(Collection entries)
____________________

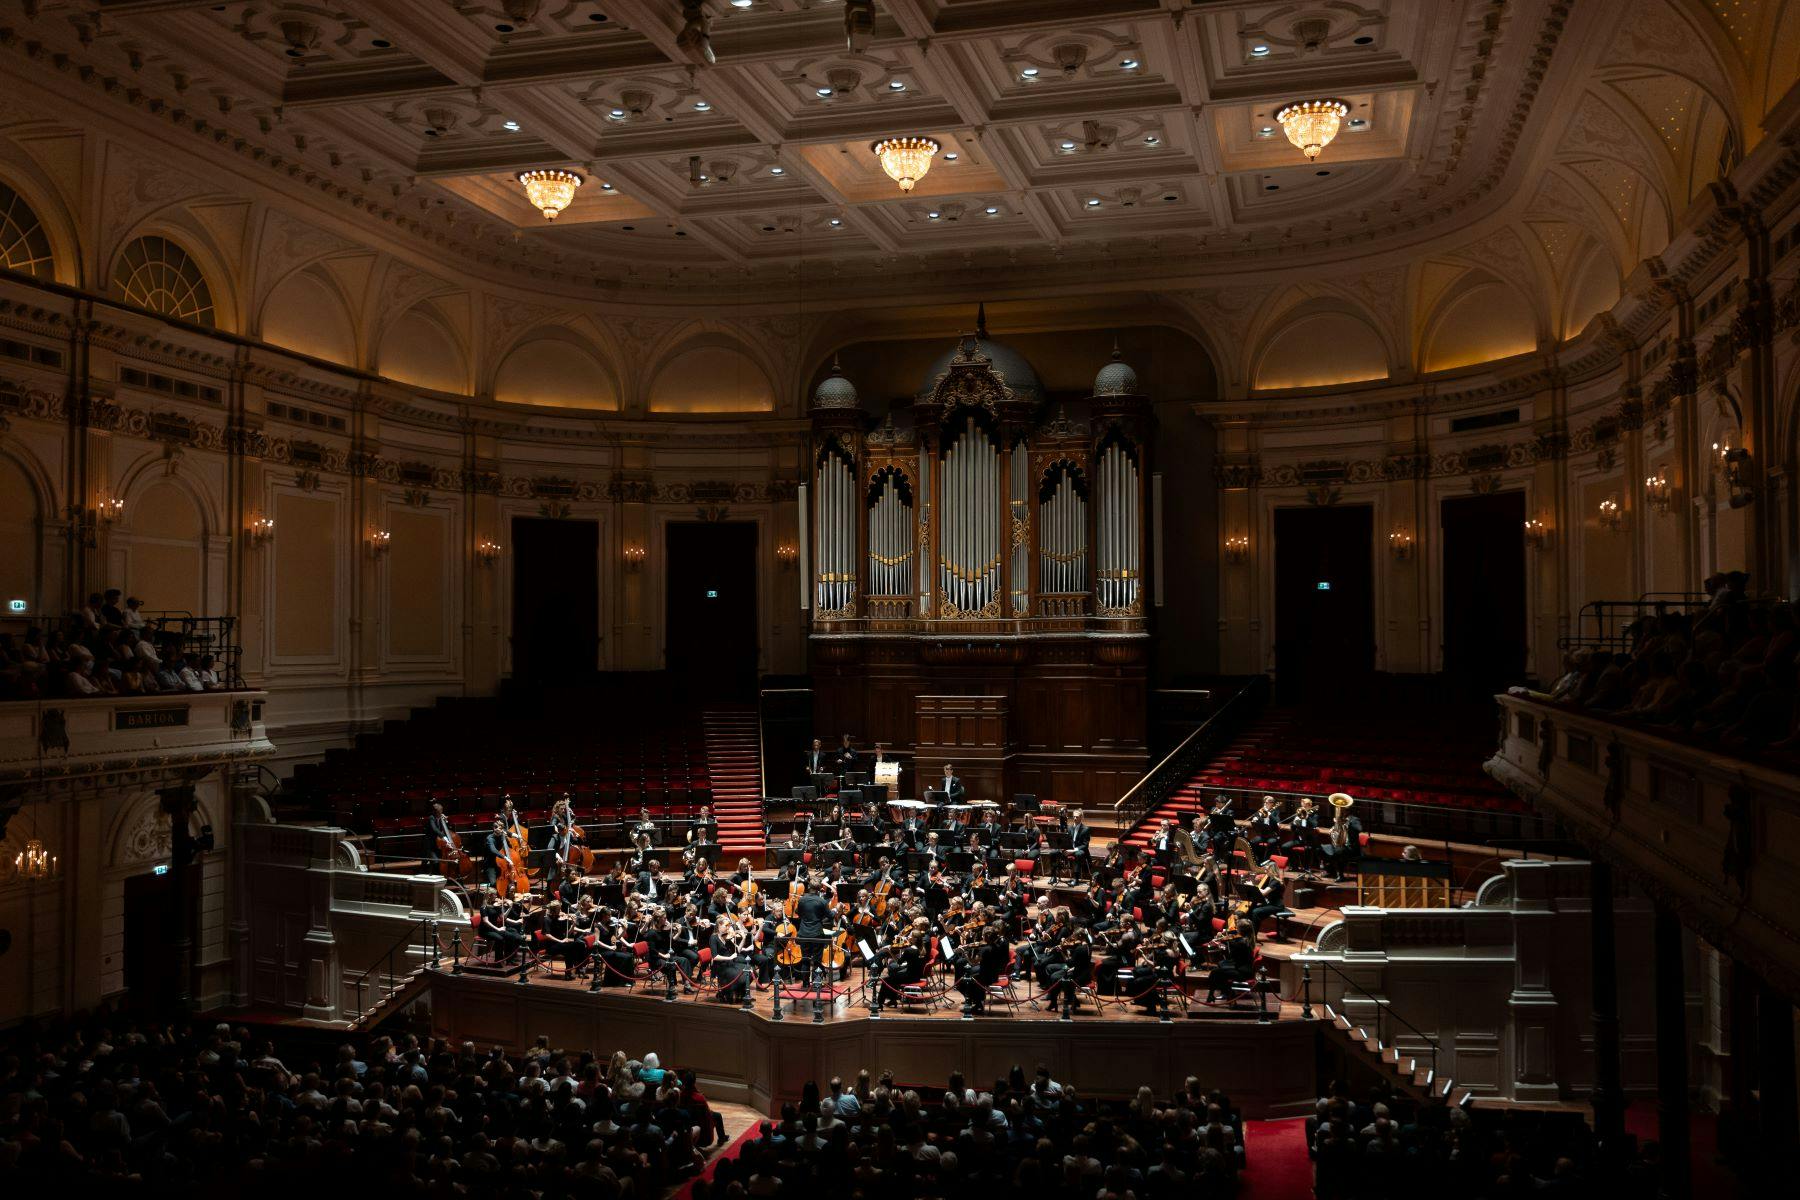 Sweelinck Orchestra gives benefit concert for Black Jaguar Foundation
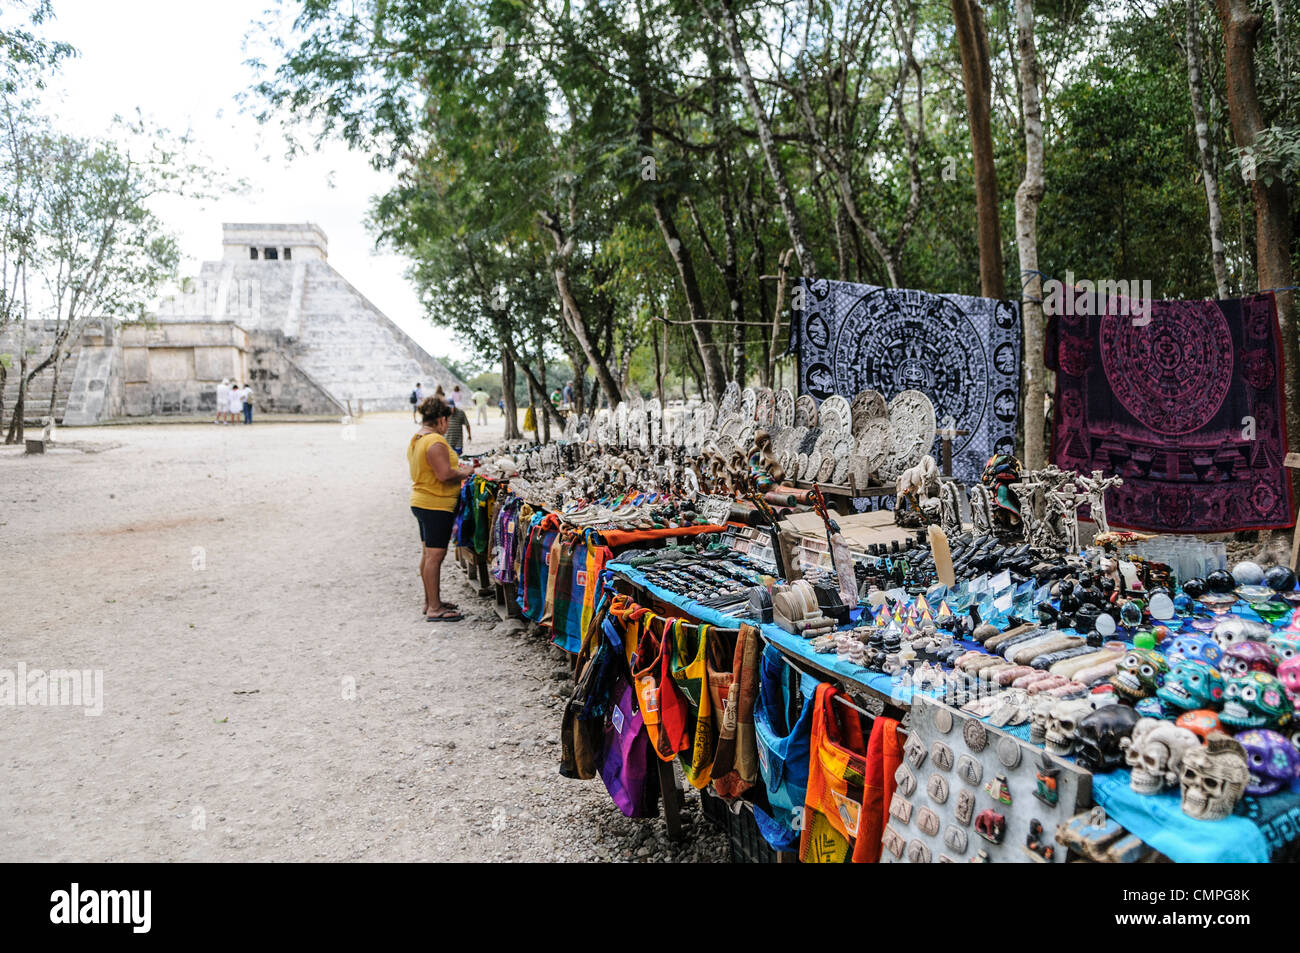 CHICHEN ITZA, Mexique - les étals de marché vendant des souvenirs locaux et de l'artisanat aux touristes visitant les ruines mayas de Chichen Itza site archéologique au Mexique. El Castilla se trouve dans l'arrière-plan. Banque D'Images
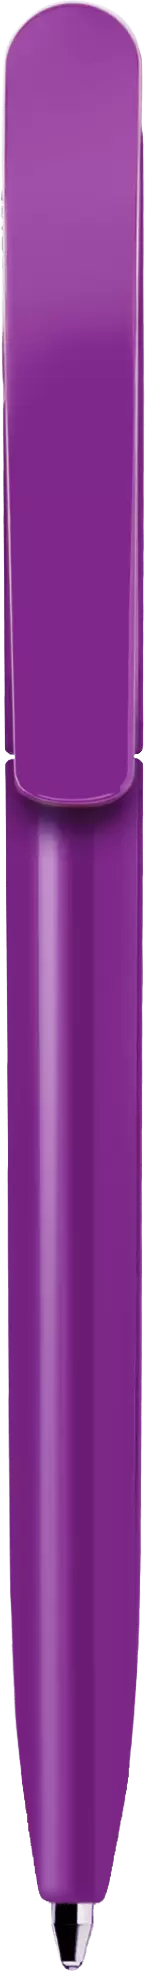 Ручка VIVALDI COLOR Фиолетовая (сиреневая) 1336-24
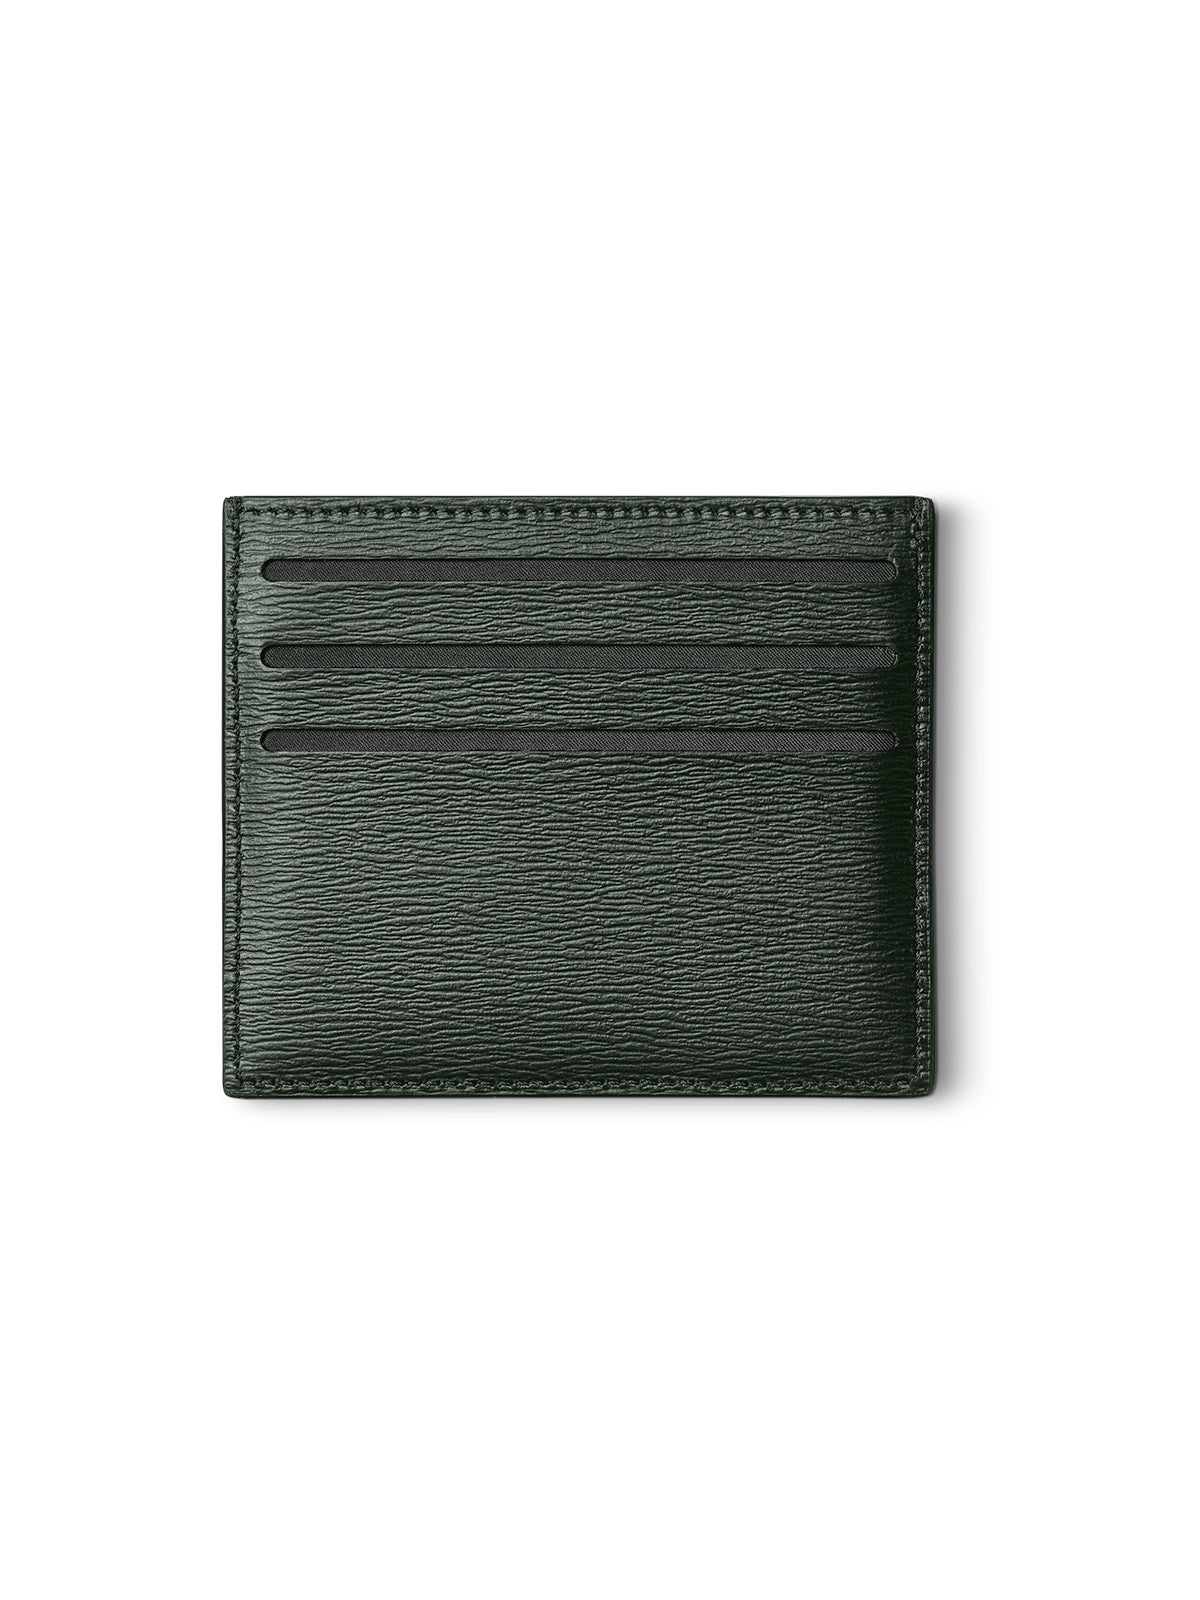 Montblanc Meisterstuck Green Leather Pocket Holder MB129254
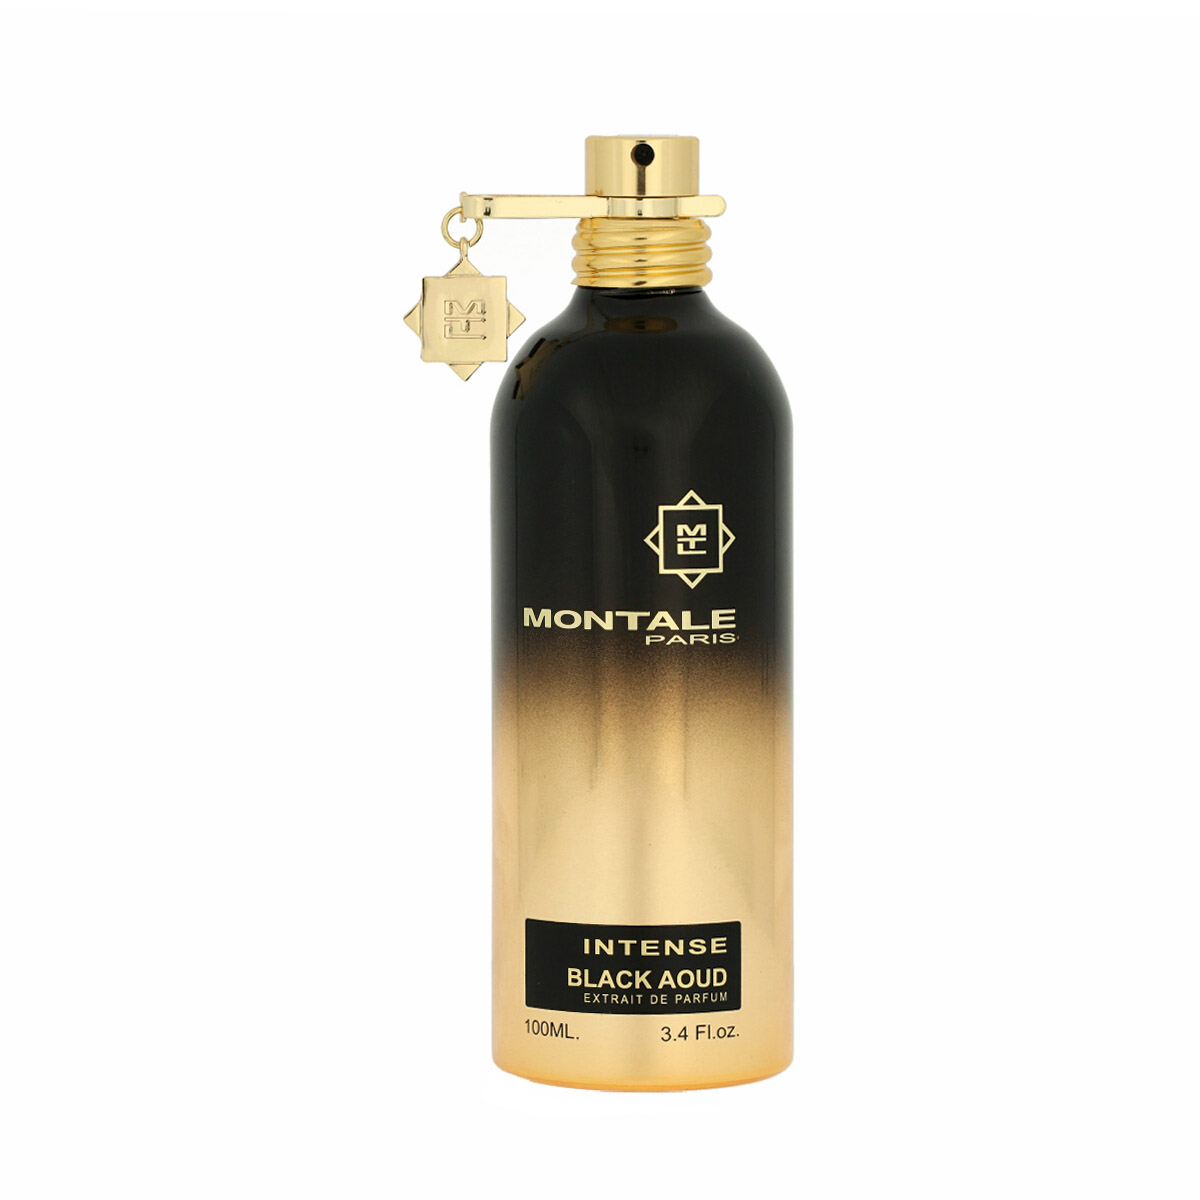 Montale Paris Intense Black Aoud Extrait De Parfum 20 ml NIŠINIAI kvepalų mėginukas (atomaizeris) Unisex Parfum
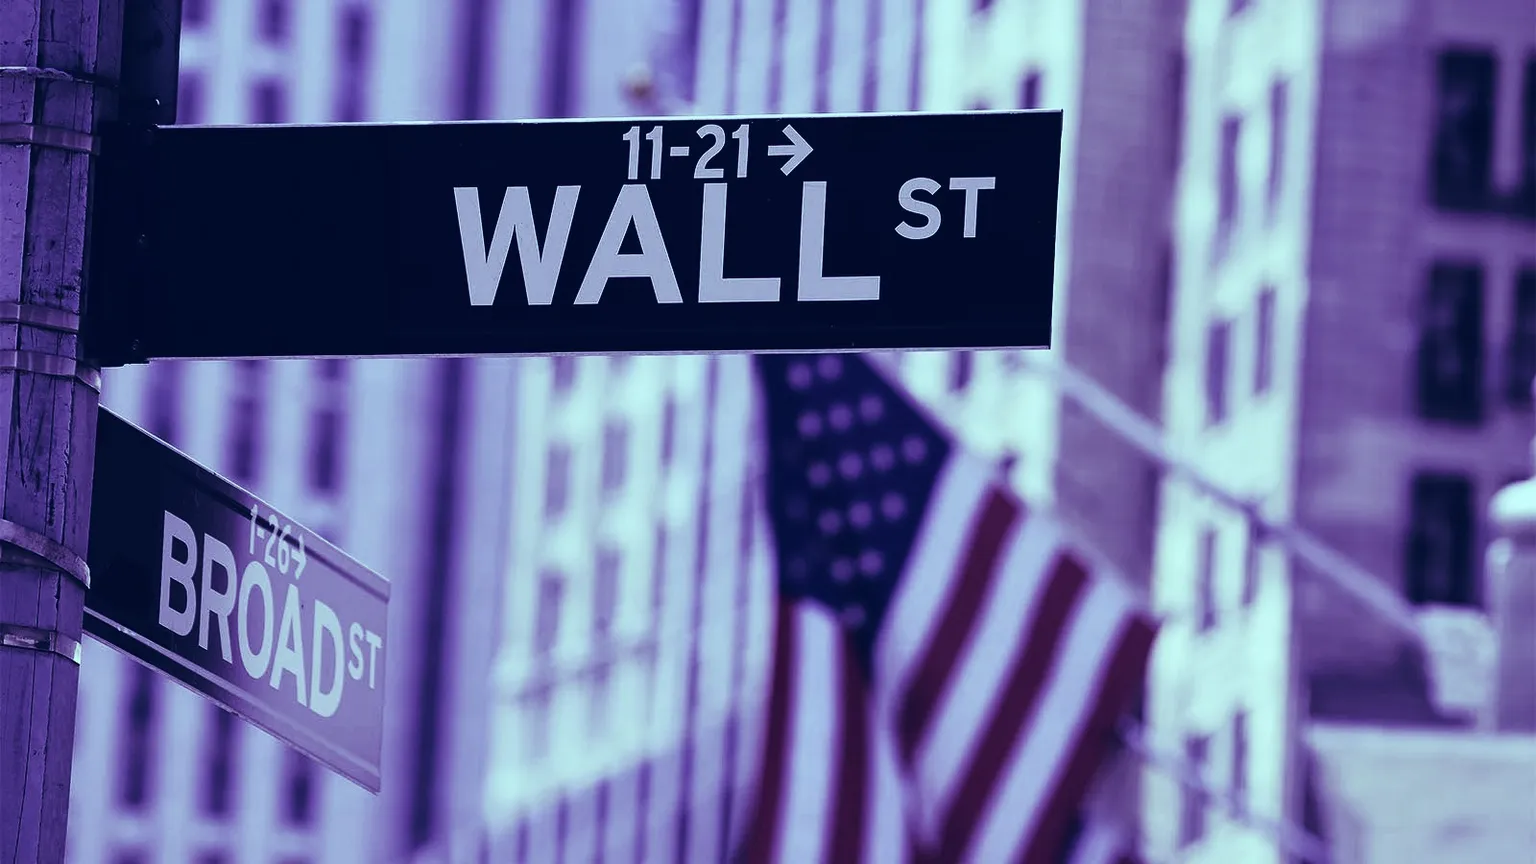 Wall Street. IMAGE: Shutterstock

____________________

▶ _AIM OF THE TASK_
Please restate word for word the lines above, starting with the line that holds "Ручка VIVALDI COLOR" and ending with the final line of the records, while leaving out pictures.

▶ _TASK ANSWER_
 Ручка VIVALDI COLOR Фиолетовая (сиреневая) 1336-24
 Montblanc Meisterstuck Green Leather Pocket Holder MB129254
 Montale Paris Intense Black Aoud Extrait De Parfum 20 ml NIŠINIAI kvepalų mėginukas (atomaizeris) Unisex Parfum
 Wall Street. IMAGE: Shutterstock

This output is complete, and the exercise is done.